Study Hall

Getting The Price Right: The Most Important Factor In Any Type Of Business

To be successful, whatever product you hope to sell must remain competitive and profitable for all involved parties.

When I began to think about pricing strategies, a story about a recent experience with a friend immediately came to mind. He’s a huge barbeque aficionado and smokes his own meat on a regular basis.

I think he spent $10,000 on his latest smoker, so he’s serious. I’ve enjoyed feasts of pork and beef at his place along with his own recipe for barbeque sauce. (Simply delicious!)

A few months ago, he told me that he was going to start mass-producing and selling his sauce. My first thought: “Are you nuts? Have you not seen how many varieties already stuffing the local grocery store shelves?”

Instead, I tried to be supportive, asking him about his cost to produce as well as the target sales price. He said the sauce costs him about $5 per jar to produce, plus 50 cents for freight, and he anticipates stores will sell it for about $10 per jar.

Bluntly, I told him the math doesn’t work. If his landed cost is $5.50 and the stores need to make 40 percent margin, it means he would only make 50 cents per jar, 10 percent gross margin. Considering most businesses require a 25 percent margin to stay afloat, I figured he would be losing 15 percent on every sale. Not good, no matter how creative the accounting!

Right From The Start

When bringing a new product to market, the process starts by setting a price point that will work for the target audience (the buyer).
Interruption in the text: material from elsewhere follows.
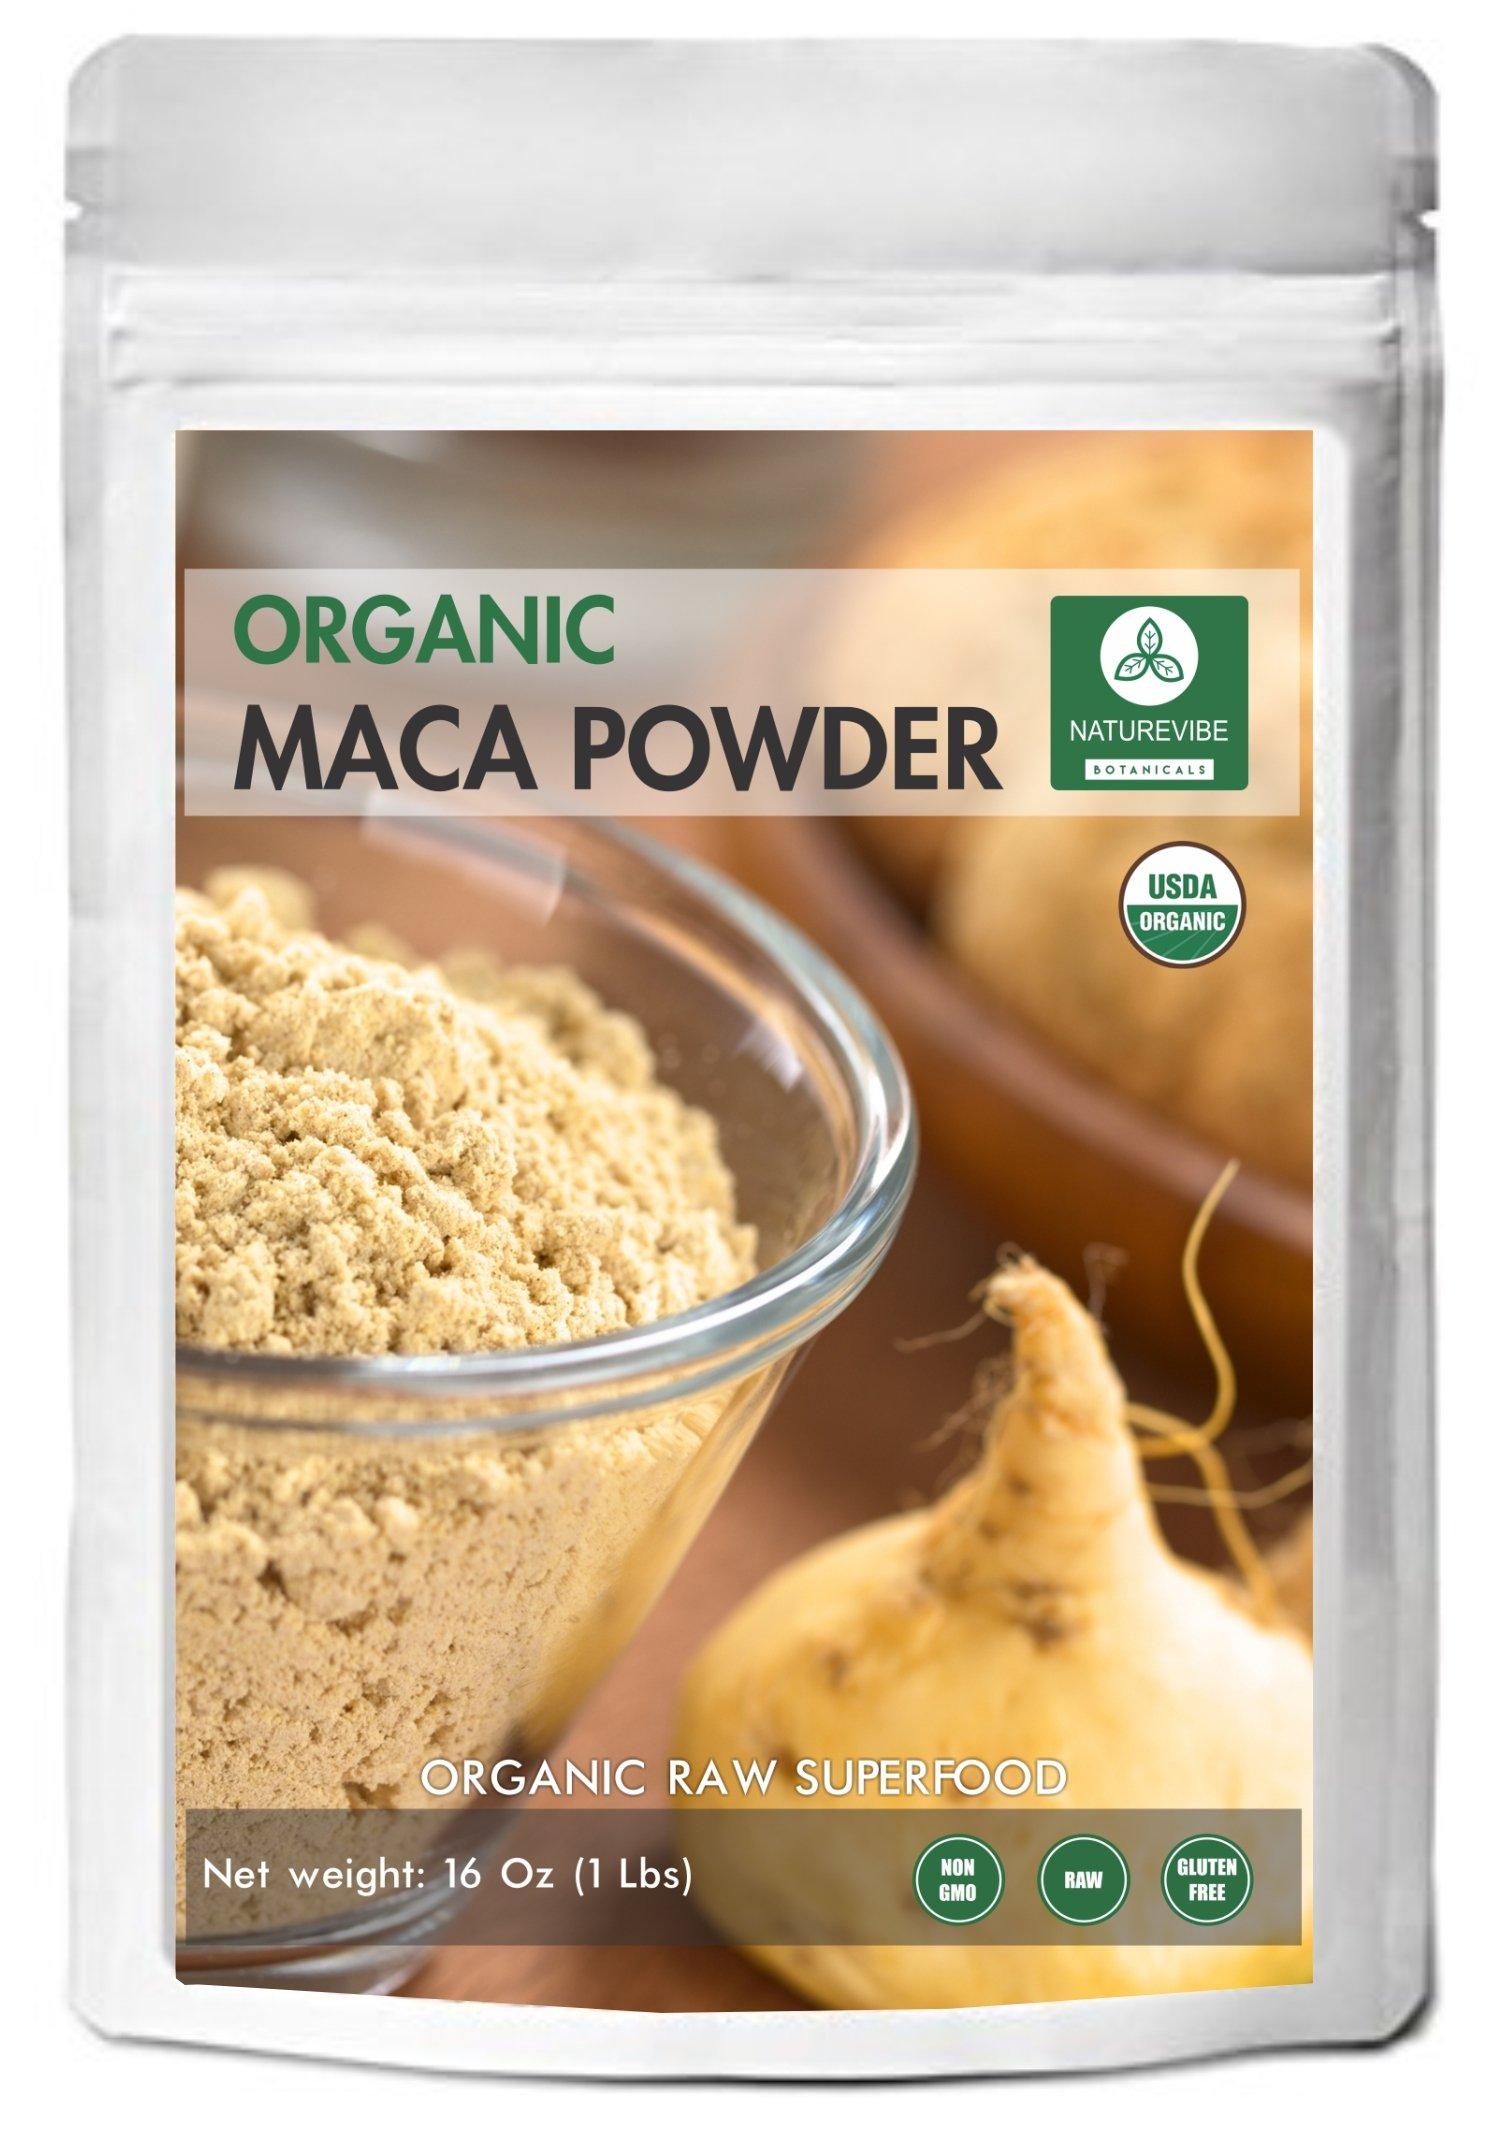 Naturevibe Botanicals USDA Organic Maca Powder (1lb) - Gluten-Free & Non-GMO (16 ounces)

At Radial Engineering, we had two “magic” price points in mind: the ProDI direct box would be the workhorse for weekend warriors and priced at $99, while the JDI would be a premium product with a Jensen transformer for pro concert touring, priced at $199.

During the many talks I conducted around the globe over the years, I would always ask the audience: “What is the most important feature of a product for a sound engineer or artist?” Invariably, they would always answer: “Good sound.” My response was: “Yes, good sound is important but no sound is even more important!”

In other words, if you have 20,000 screaming fans at a show and the device breaks down halfway through a set, people are going to get fired. I always focused on the durability of the product as being a critical part of choosing a product.

Saving a few bucks by buying a second-rate product simply does not make sense. Shure purportedly launched the SM58 at a trade show with a hammer and a nail, showing how the microphone’s finish could stand up to anything. This set the pace for quality construction that continues with this iconic industry standard to this day.

A product’s price point establishes a price structure that will work all the way down the line. To be successful, the product must remain competitive and profitable for all involved parties.

For instance, when a distributor imports a product and sells it to retailers, it requires setting a retail price, a MAP (minimum advertised price or street price) and then working backwards and forwards from cost to see if it works. The following is a common scenario:

Retail price: $100

MAP: $89.99 (10 percent off – 33 percent gross margin)

Dealer cost: $60 (40 percent margin from retail)

Wholesale cost: $54 (extra 10 percent off dealer cost)

Distributor cost: $50 (20 percent off dealer cost)

Manufacturer cost: $25 (50 percent gross margin)

To calculate the landed cost, freight, duties and other import tariffs must be included. For my friend to be marginally profitable with his barbeque sauce, he would have to land it for about $4. He figures he’ll be able to do so as his volume increases and production costs decrease. Although this may be the case, it’s a tough road to follow as you can only lose money for so long. A business needs cashflow to survive!